日本止痒药盐酸纳呋拉啡治疗透析患者瘙痒症的效果分析

Introduction: Nafurafine is an antipruritic drug marketed in Japan, used for pruritus in patients undergoing hemodialysis and chronic kidney disease. Clinical studies have shown that nalfurapine hydrochloride used three times a week can significantly reduce patients' itching symptoms, improve sleep disorders, and improve patients' quality of life.

Nalfuraphine hydrochloride efficacy

The oral medication is a kappa-opioid receptor agonist that has been shown to be safe and effective in the treatment of HD patients with antihistamine-resistant uremic pruritus. This drug suppresses itching, thereby improving the mental status of HD patients. Nafurafine hydrochloride may be recommended as a promising option for pruritus in HD patients when conventional treatments are ineffective.

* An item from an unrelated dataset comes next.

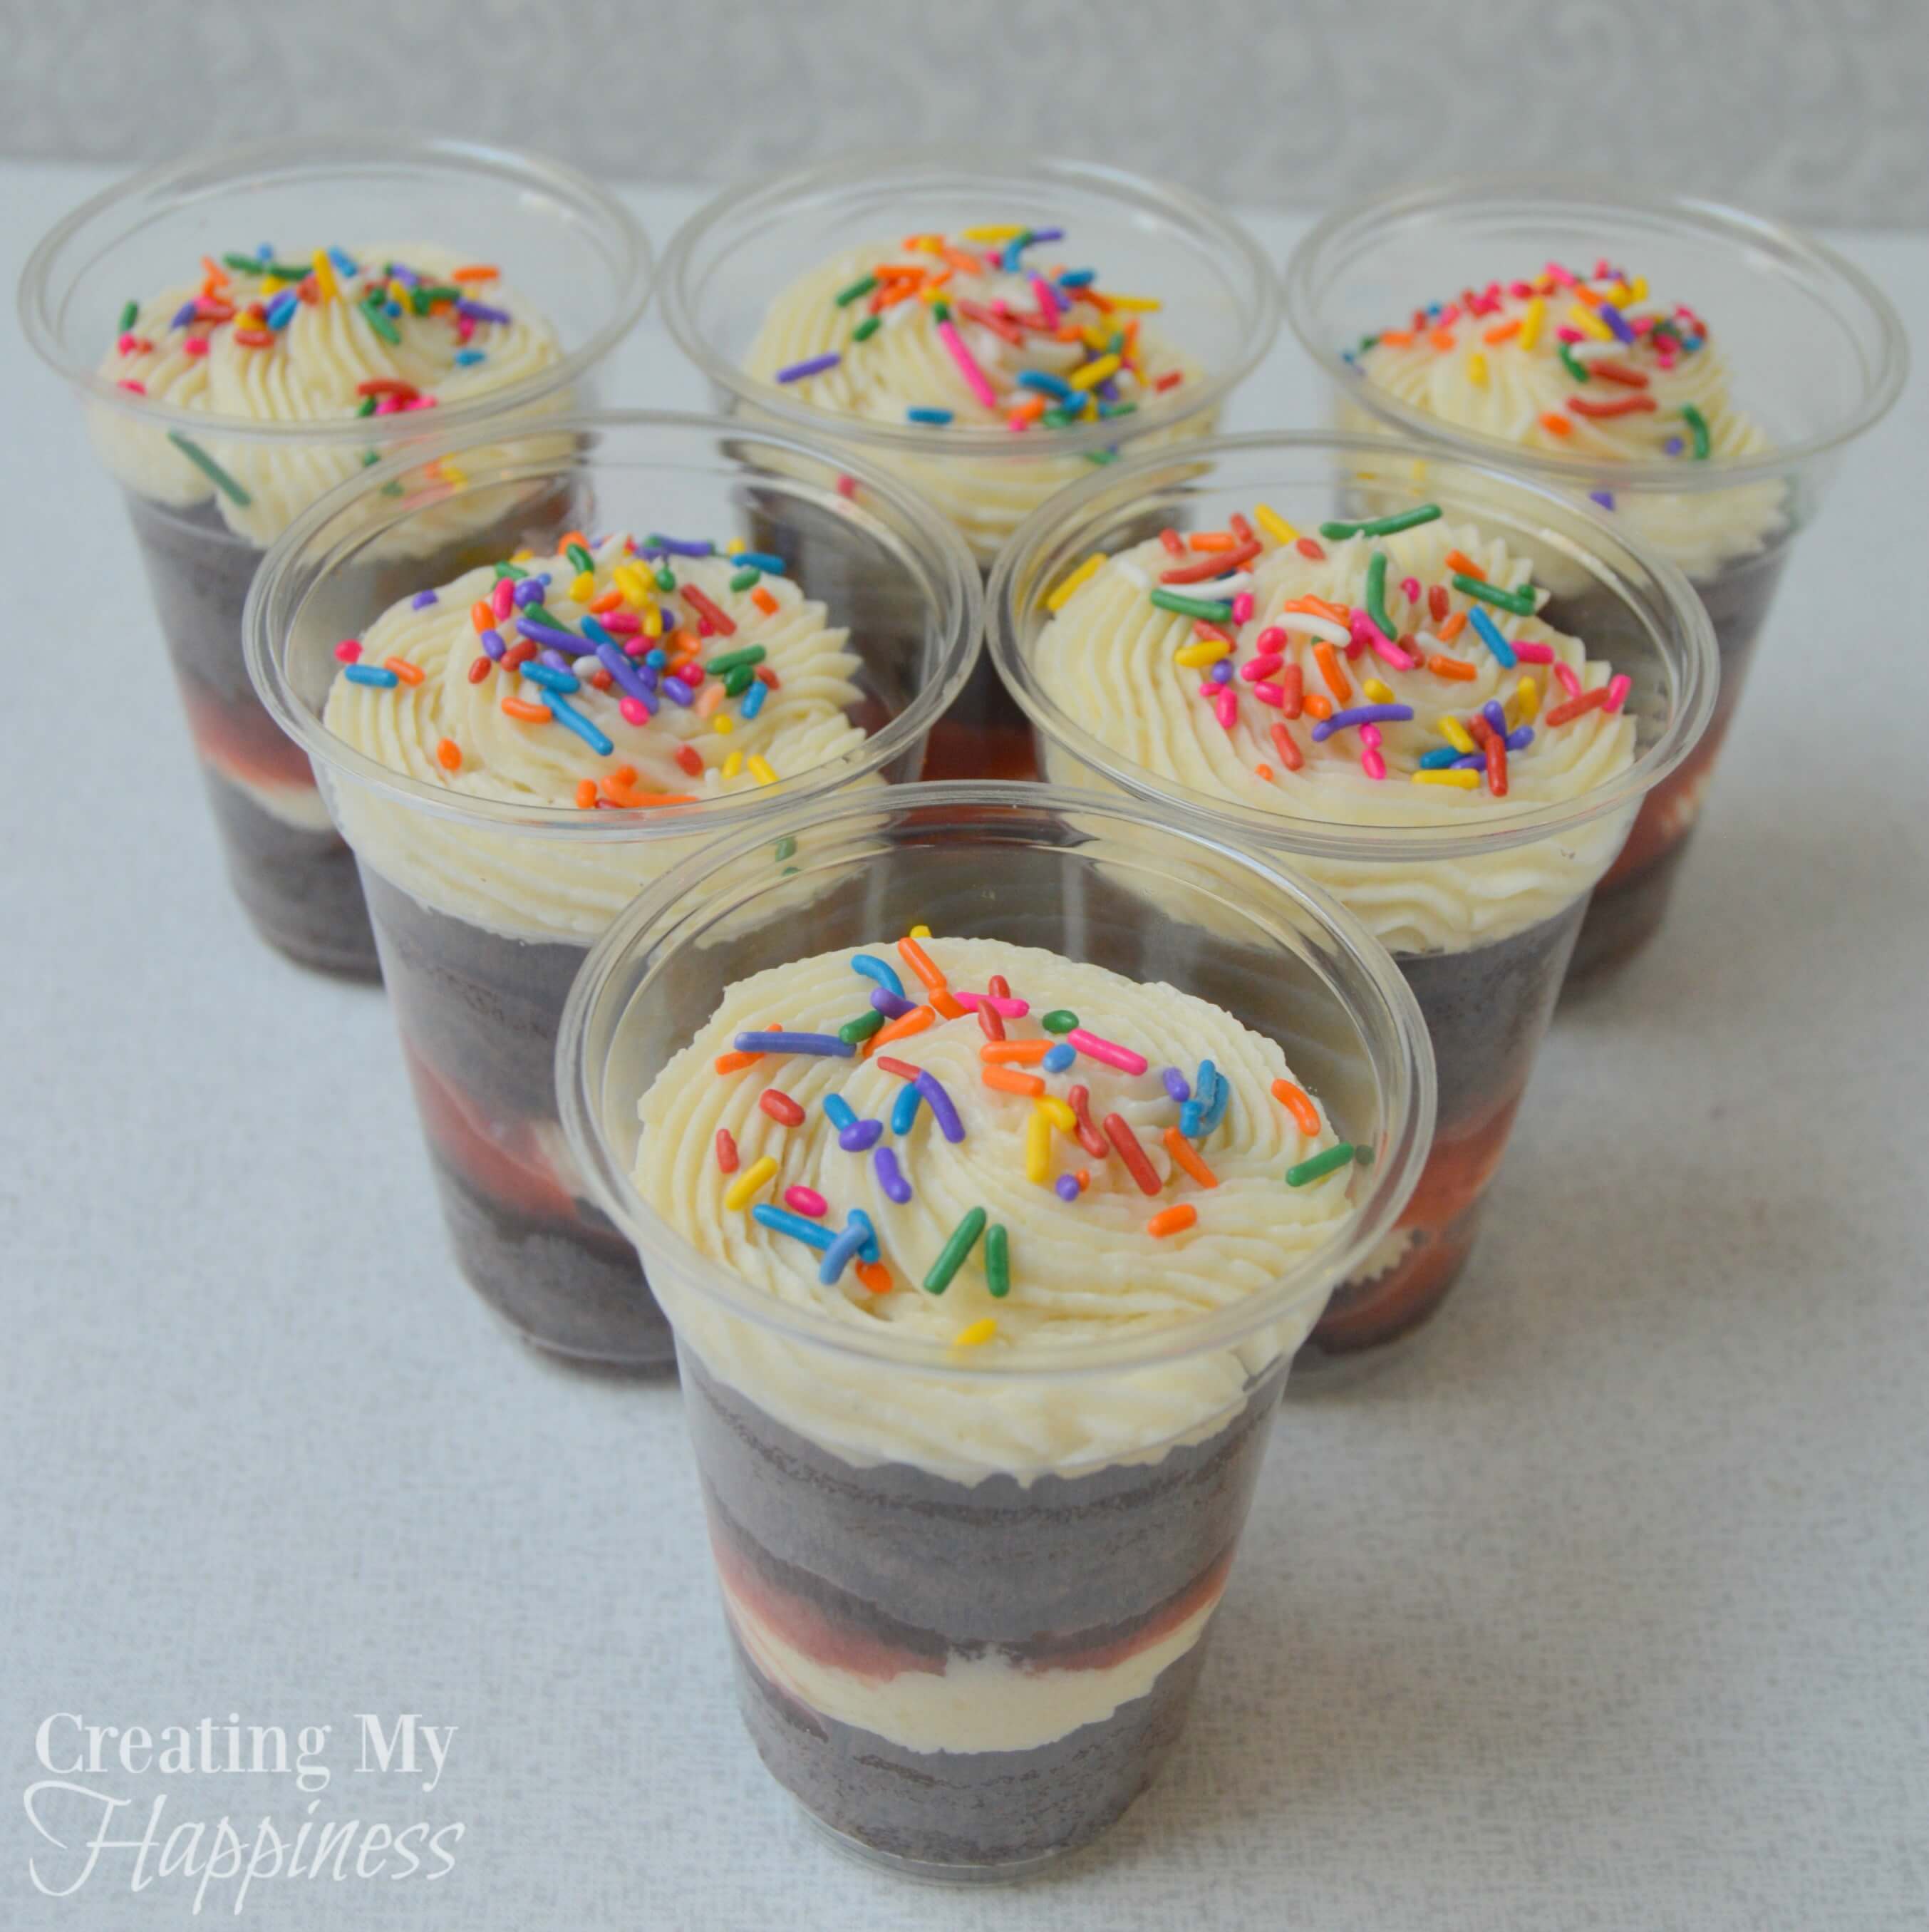 Cupcakes in a Cup

Analysis of treatment effect

According to a meta-analysis of two randomized placebo-controlled studies, the results showed that intravenous injection of nalfurapine hydrochloride three times a week can significantly reduce pruritus symptoms in 144 hemodialysis (HD) patients. In this meta-analysis, worst itch, itch intensity, and sleep disturbance were significantly reduced in the nalfuraphine hydrochloride group compared with the placebo group, demonstrating for the first time the antipruritic activity of nalfuraphine hydrochloride in humans.

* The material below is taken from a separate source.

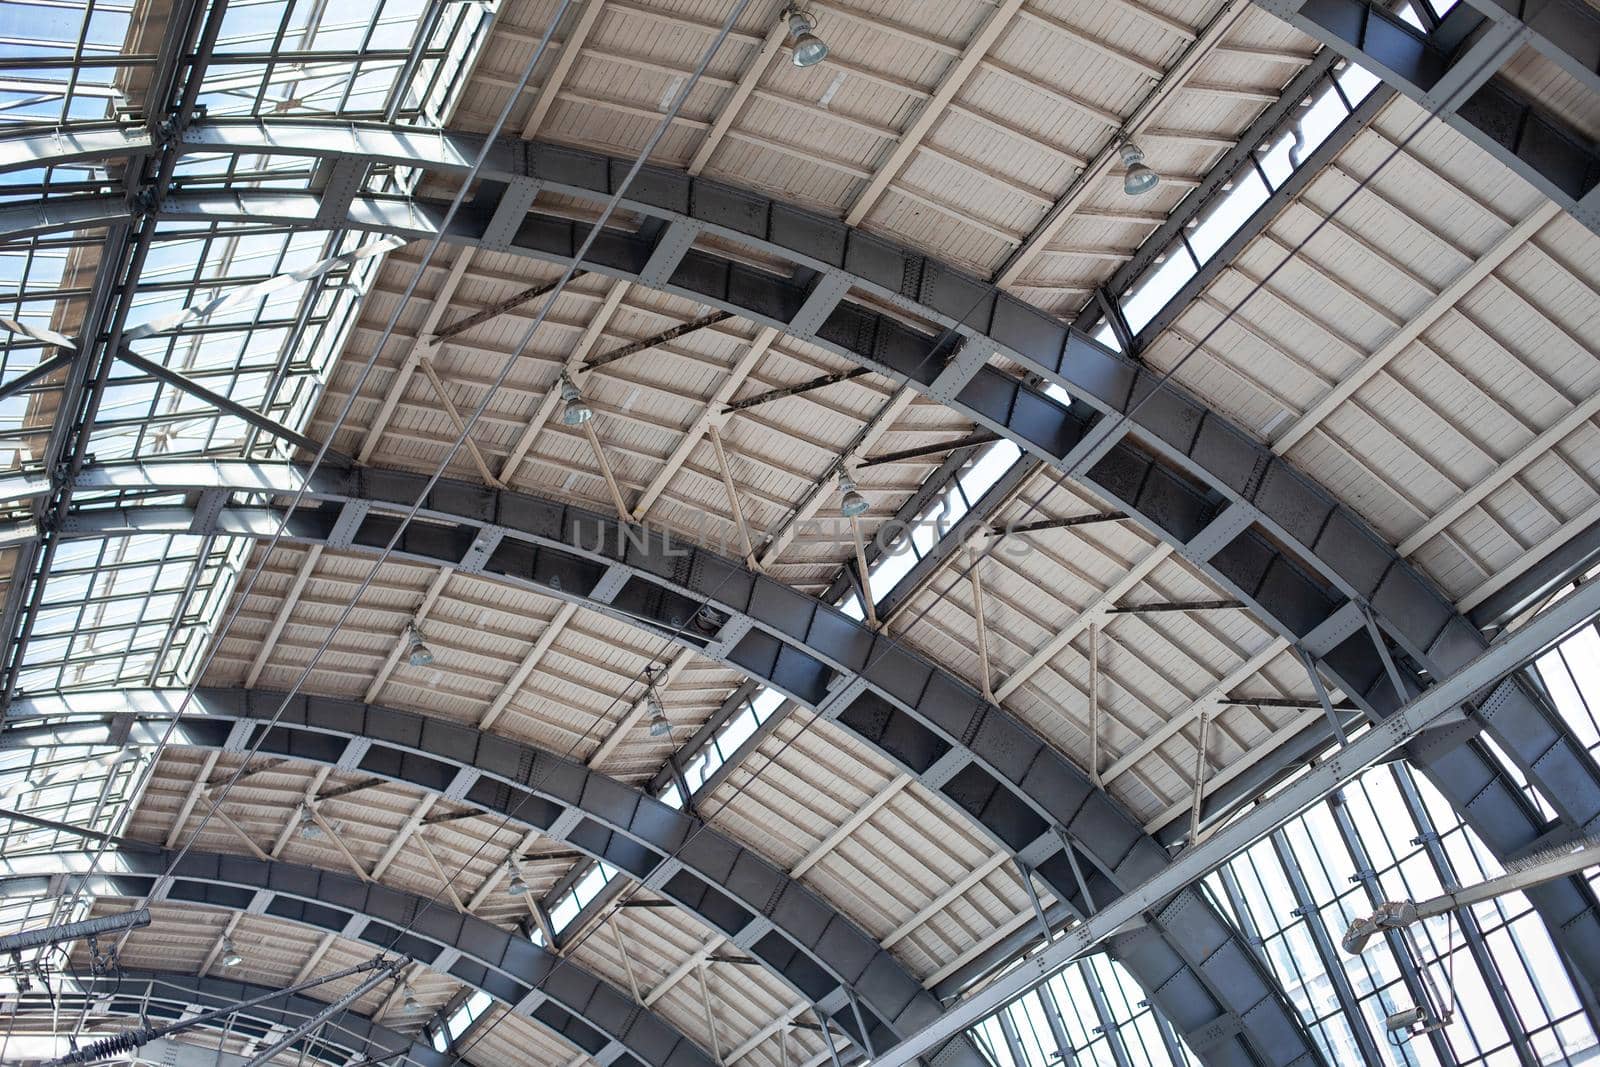 Ceiling of a railway station in Berlin

Japan conducted a large-scale placebo-controlled study to examine the efficacy and safety of oral nalfurapine hydrochloride in the treatment of refractory pruritus in 337 HD patients. 16 All enrolled patients had experienced pruritus that was resistant to antihistamines or moisturizers for 2 weeks within 1 year before the clinical trial. Two daily oral doses of 2.5 or 5 μg nalfurapine hydrochloride or placebo were administered for 2 weeks, and clinical responses were analyzed.

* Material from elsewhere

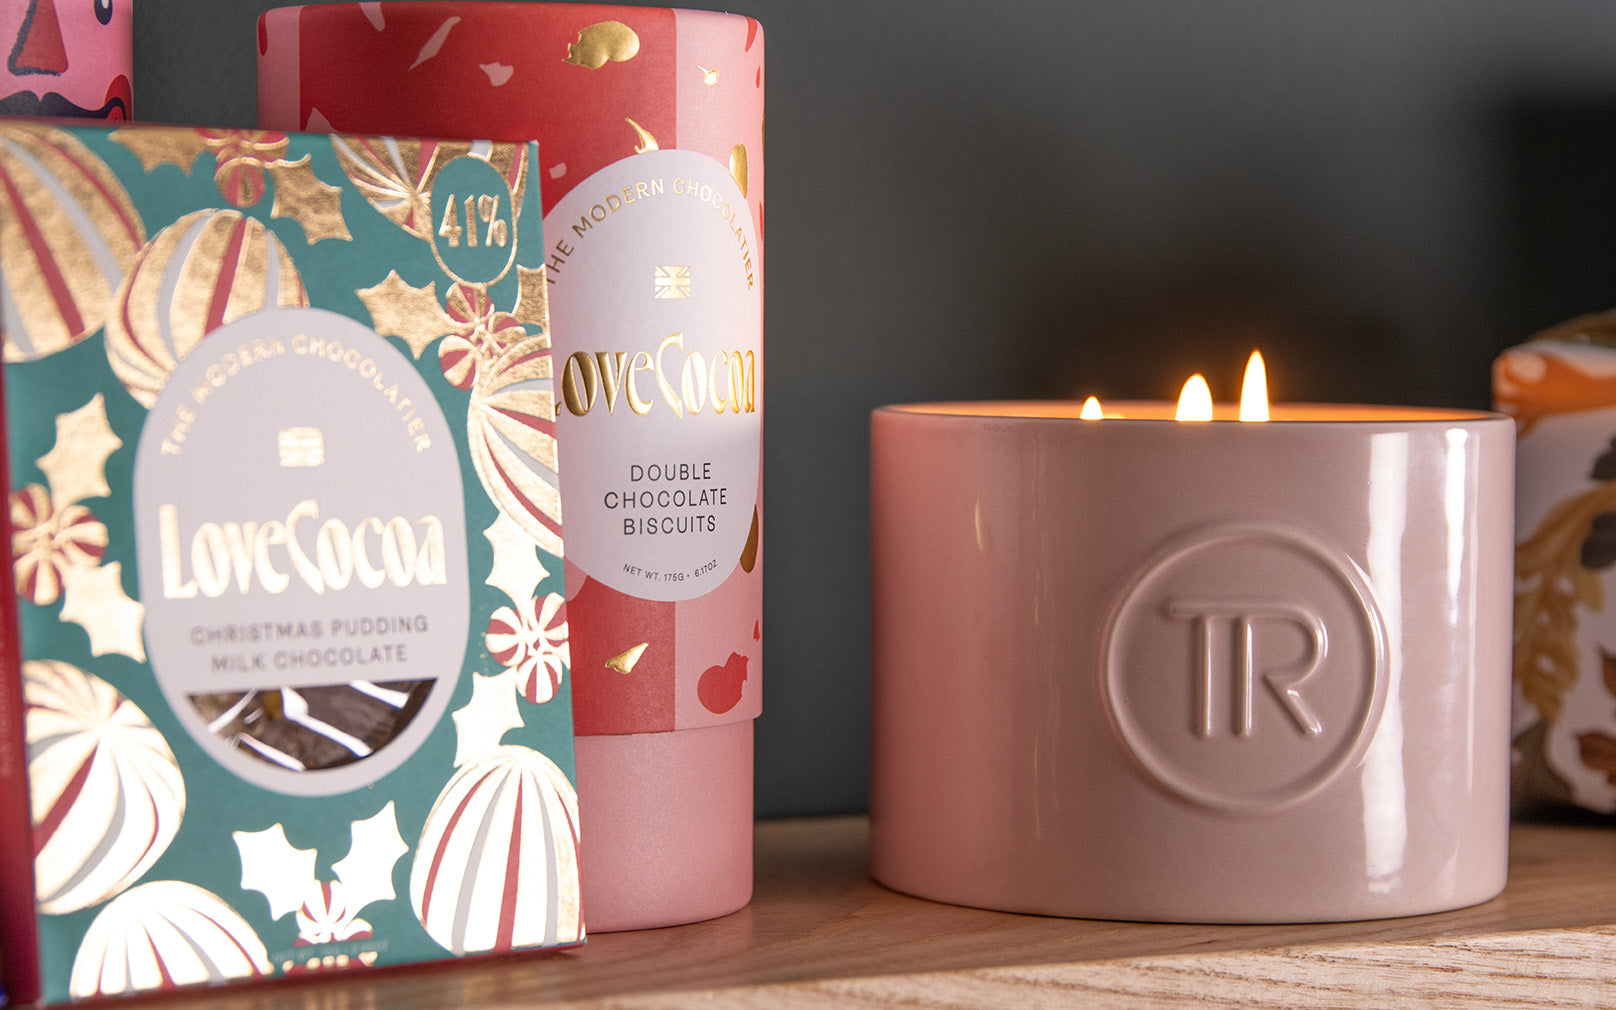 tom raffield candle and lovecocoa chocolate

The results showed that the visual analogue score (VAS) of pruritus in the 5 μg nalfuraphine hydrochloride group (n=114) decreased by an average of 22 mm from baseline, and that of the 2.5 μg group (n=112) decreased by an average of 23 mm. These reductions were statistically significant compared with a mean VAS reduction of 13 mm in the placebo group (n=111). When a reduction in VAS value of 50% or more was estimated as significant response, 32.5% of patients in the 5 μg nalfurapine hydrochloride group and 28.6% of patients in the 2.5 μg nalfurapine hydrochloride group showed significant response. In comparison, 17.1% of patients in the placebo group showed significant response. The significant remission rates in the 2.5 and 5 μg nalfurapine hydrochloride groups were significantly higher than those in the placebo group.

Safety Analysis

In a long-term trial, 103 patients (48.8) experienced adverse drug reactions. 6.2% discontinued treatment due to adverse drug reactions. Adverse reactions include insomnia (15.2%), constipation (3.3%), increased blood prolactin (0.9%), drowsiness (1.9%), dizziness (0.9%), itching (0.9%), diarrhea (0.9%), malaise (0.9%), mood changes (0.9%), eczema (0.5%), vomiting (0.5%), anemia (0.9%) and increased blood thyroid-stimulating hormone.

Medication Guide

Nalfuraphine hydrochloride is usually supplied in the form of orally disintegrating tablets, which allows patients to quickly dissolve in the mouth without the need for water. The initial dose is usually 2.5 micrograms per day, which is equivalent to one quarter of an orally disintegrating tablet containing nalfurapine hydrochloride 10 mg. The dose can be adjusted based on patient response and physician judgment. Usually once daily, it is recommended to take it at a fixed time every day to maintain stable blood concentration.